Airing one hour after NBC's Savage look at corporate culture, MTV's Austin Stories (Wednesday at 10:30 p.m.) presents another extreme of young adulthood in America. The characters in this show have just enough intelligence and ambition to hang on above the lowest rung in their mid-sized Texas city. Austin Stories has a weird kind of sweetness; call it the slacker version of The Andy Griffith Show. Laura House (the regular actors all use their real names on the show) is a reporter for a throwaway weekly who is unfazed by anything, including a stalker with a spelling problem. Howard Kremer, whose name is suitably one letter off from that guy on Seinfeld, has inexplicable luck with women and a fondness for really small-time scams (like grabbing the free brochures from an Austin visitors' center and selling them on the street for a buck each). And Brad "Chip" Pope is a genial guy destined always to be a doormat. In one episode, he starts a band and the other members promptly kick him out of it -- but still practice in his apartment.
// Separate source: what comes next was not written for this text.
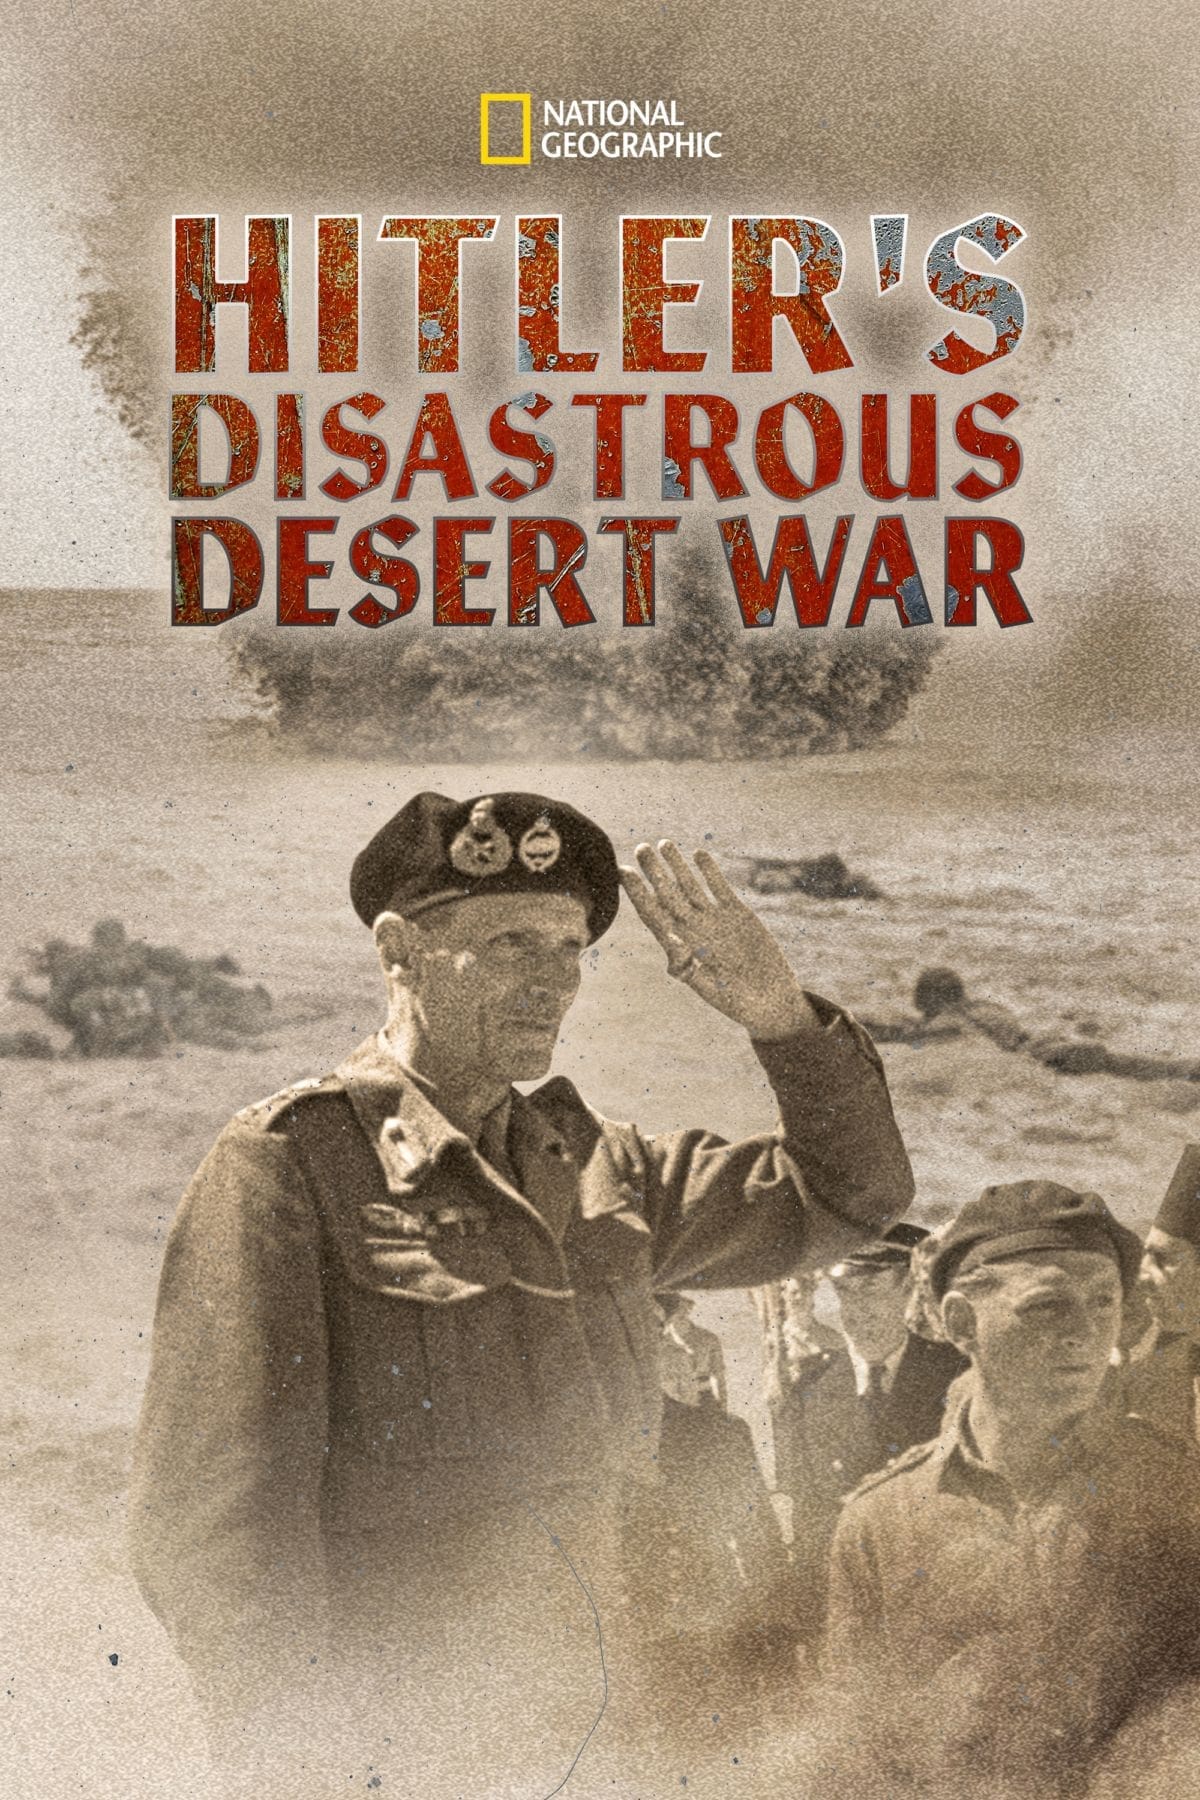 La desastrosa Guerra del desierto de Hitler

This low-budget show makes virtues of its necessities. Instead of being marooned on the expensive but antiseptic soundstages of NBC sit-coms, the cast walk the streets of a real city and interact with other recognizable human beings. The show delights in eccentricities without being mean-spirited, as shown in a montage of auditions for Pope's doomed band: every age, ethnicity, and body shape you can imagine flits across the screen. The acting is low-key and the stories are slight, and that's a perfectly acceptable way to approach humor. I laughed when Pope strode through downtown Austin with a look of deep concentration, an armful of posters for his band -- and pre-torn strips of masking tape hanging all over his face and T-shirt. True, you can see people like that all the time on the streets of New York, but they never show up on Caroline in the City.
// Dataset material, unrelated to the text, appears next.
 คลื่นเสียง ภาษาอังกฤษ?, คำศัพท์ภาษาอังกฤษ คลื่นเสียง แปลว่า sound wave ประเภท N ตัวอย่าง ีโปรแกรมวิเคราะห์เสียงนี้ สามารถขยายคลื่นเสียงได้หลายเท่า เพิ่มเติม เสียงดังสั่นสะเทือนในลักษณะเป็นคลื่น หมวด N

Two other new sit-coms are worth their videotape. Alright Already (WB, Sunday at 9:30 p.m.) has a good excuse for resembling Seinfeld, since star Carol Leifer was the model for Elaine. The plots are typical for Seinfeld. On one episode, Leifer pretends to have a baby in order to get her neighbors to turn down their music; on another, she's embarrassed when a boyfriend sees her buying dozens of rolls of toilet paper at a discount store. Wisely, the producers set the show in Florida rather than New York, which allows Leifer to riff on a different set of annoyances (strip malls, condos, etc.). And Alright Already has the most original character among the new sit-coms: Leifer's younger sister (Stacy Galina), who has started to act like a Florida retiree about 40 years too early (the high point of her weekend is a "low-sodium luau" at her elderly parents' "clubhouse").

"George and Leo"

Then there's George and Leo (CBS, Monday at 9:30 p.m.), a stripped-down vehicle for TV great Bob Newhart, who plays a widowed bookstore owner on Martha's Vineyard. The other characters barely register, even Judd Hirsch as the pushy in-law who comes to the island for the wedding of Newhart's son and decides to stay for good. (Bob's only employee at the bookstore is, yes, an unflappable black man who rolls his eyes at the clumsy attempts of whites to communicate with him.) One twist to Newhart's standard character here is that he's a conservative Catholic. So when a young Nothing Sacred-type priest gushes about how liberal the Church has become, Newhart waits a beat and stammers, "But, um, Satan is still bad, right?"

Yes, and Newhart proves that a good sense of timing is still more important than a good haircut for a comic actor. Too bad it's so difficult to put on a magazine cover.